Возможно, Цзян Чен стал трупом с того дня, как он решил изучить «Демонов засухи», но его сердце было здоровым и по-настоящему живым. «Должен был быть дракон».

«Какая?»

«Должен был быть дракон». Цзян Чен держал глаза закрытыми. «Разве Просветление, которое практикующие Дарен Арт не проявляют, не является драконом?»

Лидер конфуцианства считался мессией человечества и бывшим властителем военного мира. В китайской культуре общепринятым термином для лидера была «голова дракона». Не делая этого намеренно, практикующие искусство Дарена проявляли ци в форме дракона, когда их считали настоящими мастерами конфуцианского искусства.

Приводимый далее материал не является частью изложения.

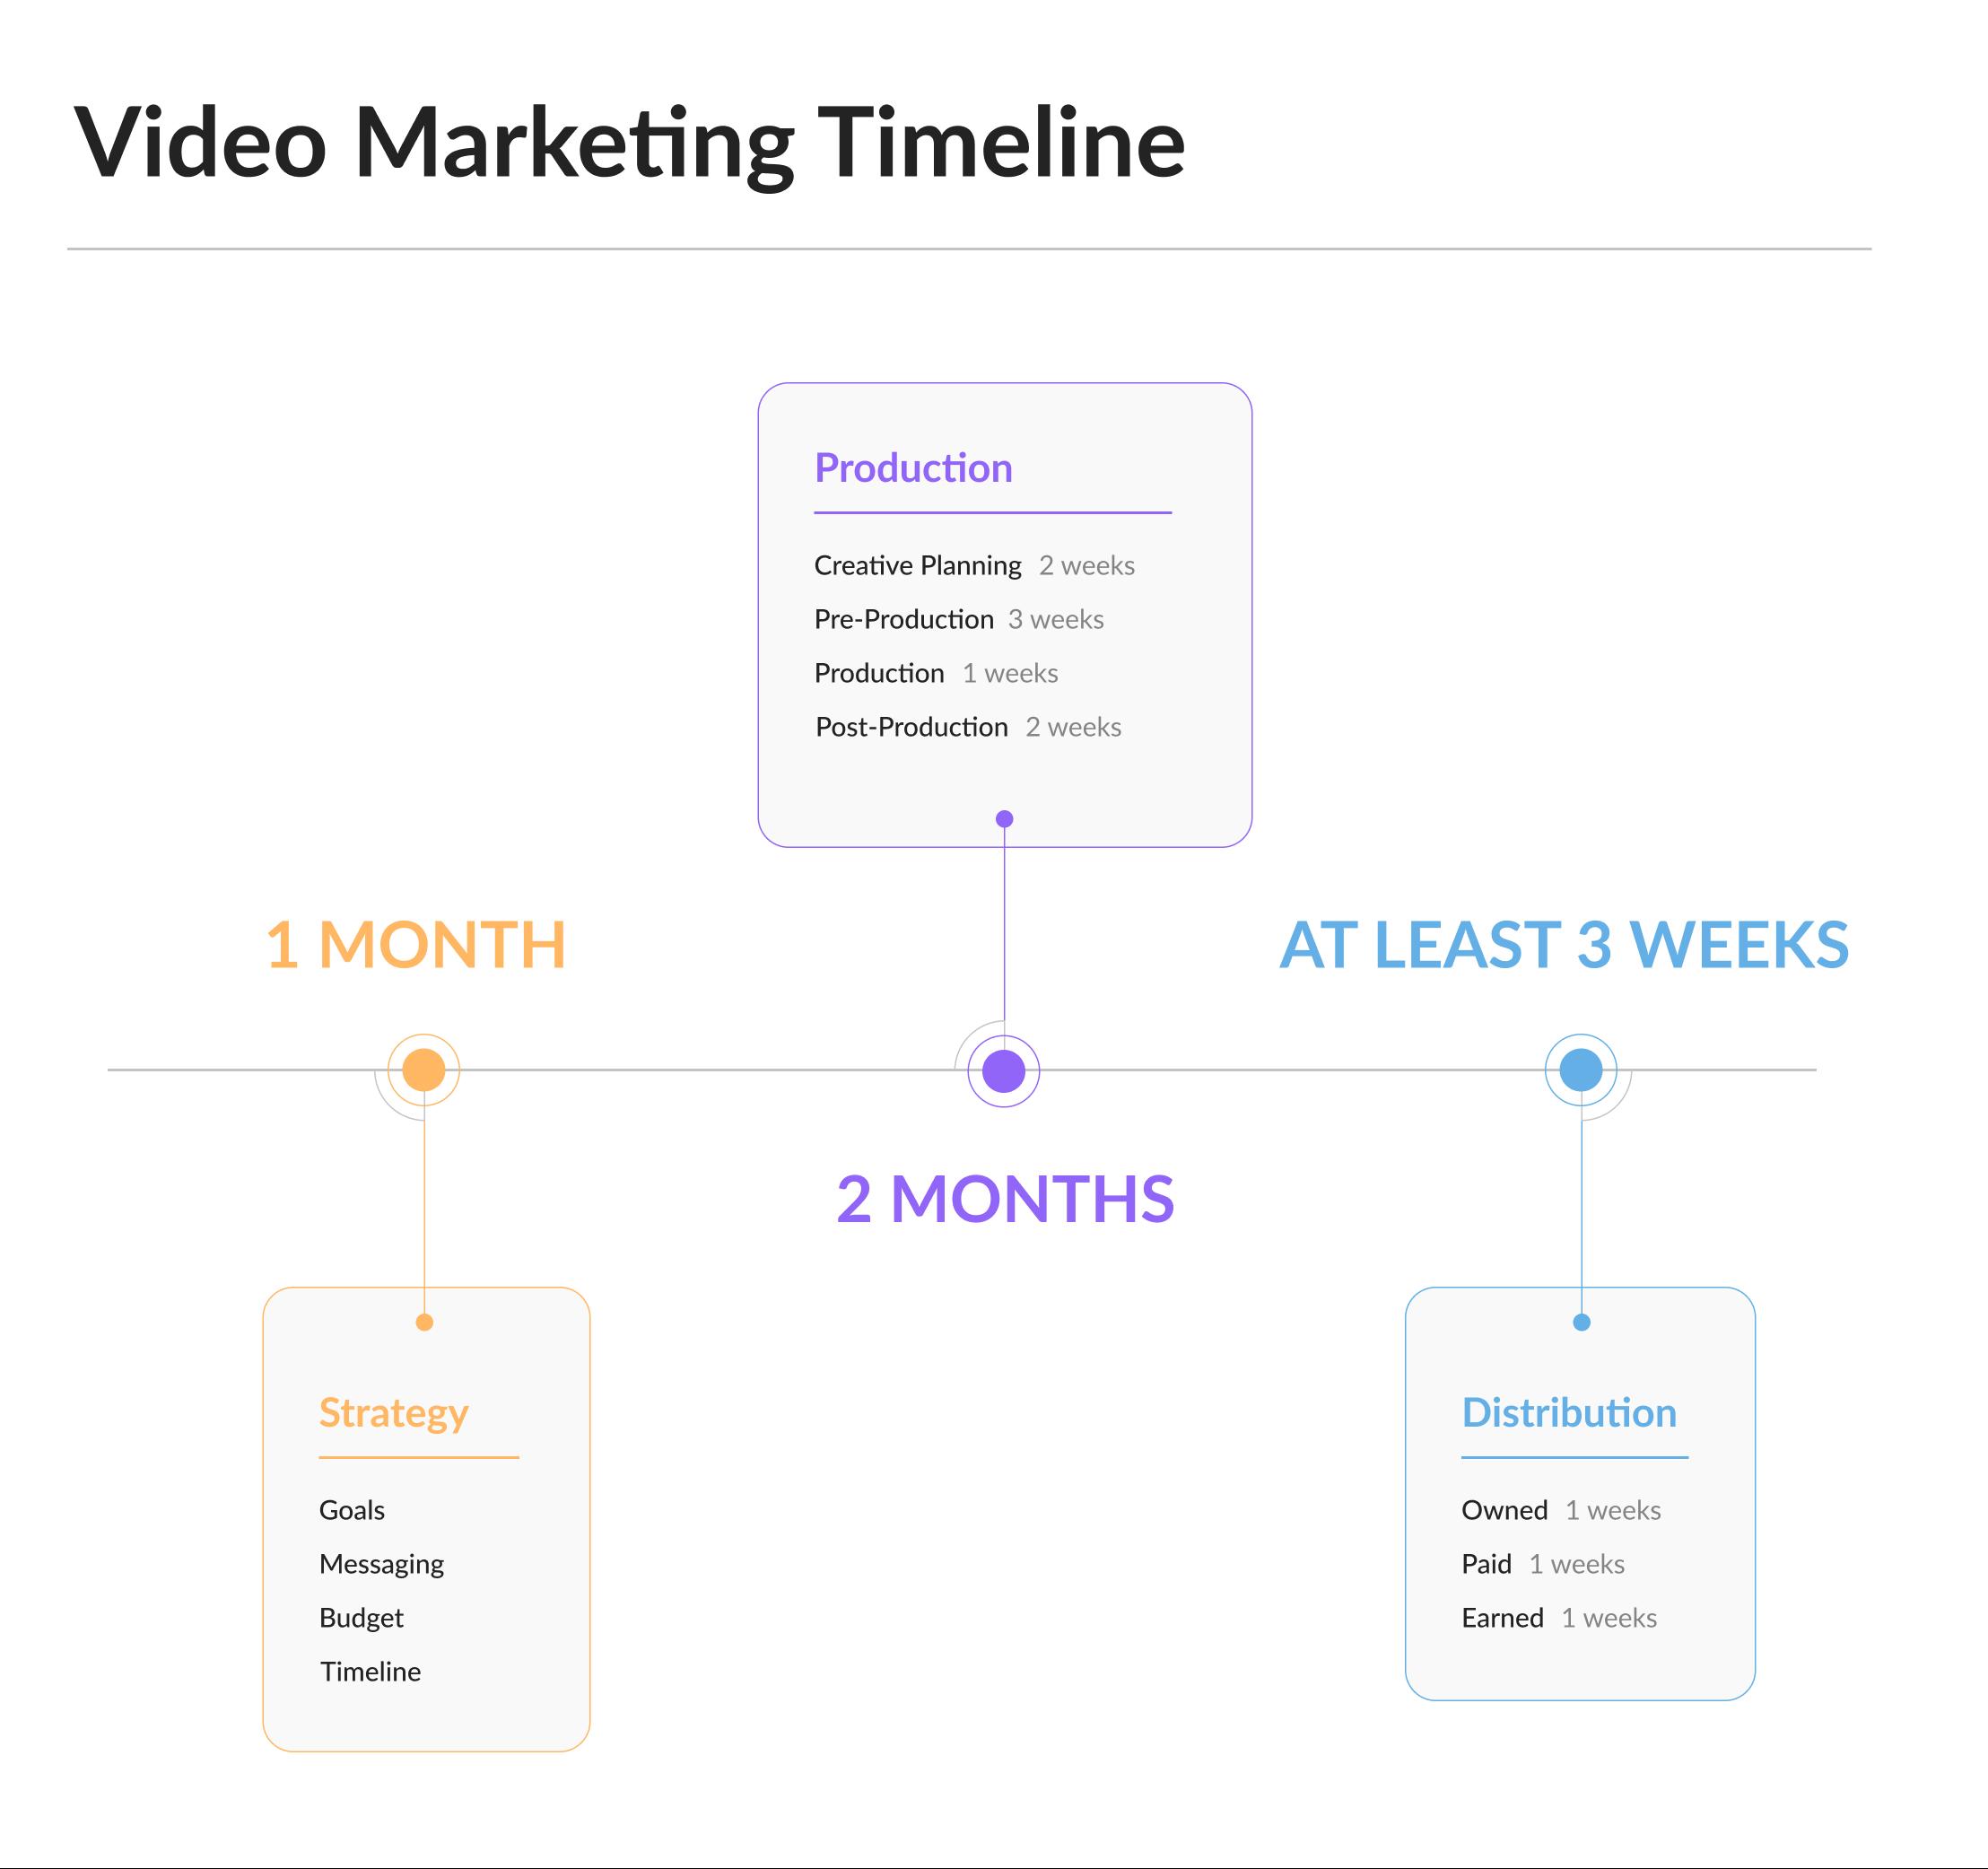 Video Marketing Timeline: Strategy Development, Production, Distribution

«Действительно», — ответил Хуан Юцзао. Он превратил голову золотого питона позади себя в голову дракона. «Чтобы Его Величество не сомневался, я никогда не показывал эту форму».

Во второй половине их столкновения Хуан Юцзао понял, как работать с воздействием «любовь — это боль», чтобы снова использовать свое Просветление.

— Ты так заботишься об этом несчастном Императоре.

— Он хороший Император… Тебе следует узнать его поближе.

«Это будет лишним. Я мягкосердечный; если он действительно хорош, я не стану его убивать».

«… Ты пытался. Хотя ты грозный, это все, на что ты способен. У Хуан Юцзао был свой колоссальный вой золотого дракона, яростно рассеивающий пламя, как будто он дышал им. Скорее, казалось, что пламя убегает от дракона. «Оставлять.»

С земли Цзян Чен произнес: «Палач».

Третий источник ци вырвался из комнаты, почти уничтожив дракона Хуан Юцзао. Шито вскочил, вооруженный своей обычно простой дубиной, которая теперь напоминала небесный столб. Пурпурная энергия, окутывающая его, посрамила золотого дракона Хуан Юцзао. У Хуан Юцзао не было времени показать шок, потому что смерть уже спускалась сверху.

Цзян Чен медленно выдохнул, затем, наконец, открыл глаза. «Прощай, лидер конфуцианства. Твоих глубоких навыков больше нет.

Цзян Чен встал после длительного отдыха, чтобы восстановиться и не хромать. Ему определенно понадобилось больше трех дней, чтобы оправиться от атаки, на которую его застал Хуан Юцзао, но время не было роскошью, которую он мог себе позволить. Хотя его руки казались безвольными, ему все же приходилось гладить себя, чтобы сохранить свой внешний вид. «Яд, который вы завернули, начал распространяться. Скоро они лишат тебя жизни.

Хуан Юцзао, лежавший в собственной крови, беспокоился не только о яде. Его внутренности были повреждены ядом. Ему порезали руку. На его плече была открытая рана от меча. Он был весь в ожогах от кровавых бомб. Удар Шито по связанному с ним дракону нанес ему внутреннюю травму. Все эти недуги преследовали его одновременно.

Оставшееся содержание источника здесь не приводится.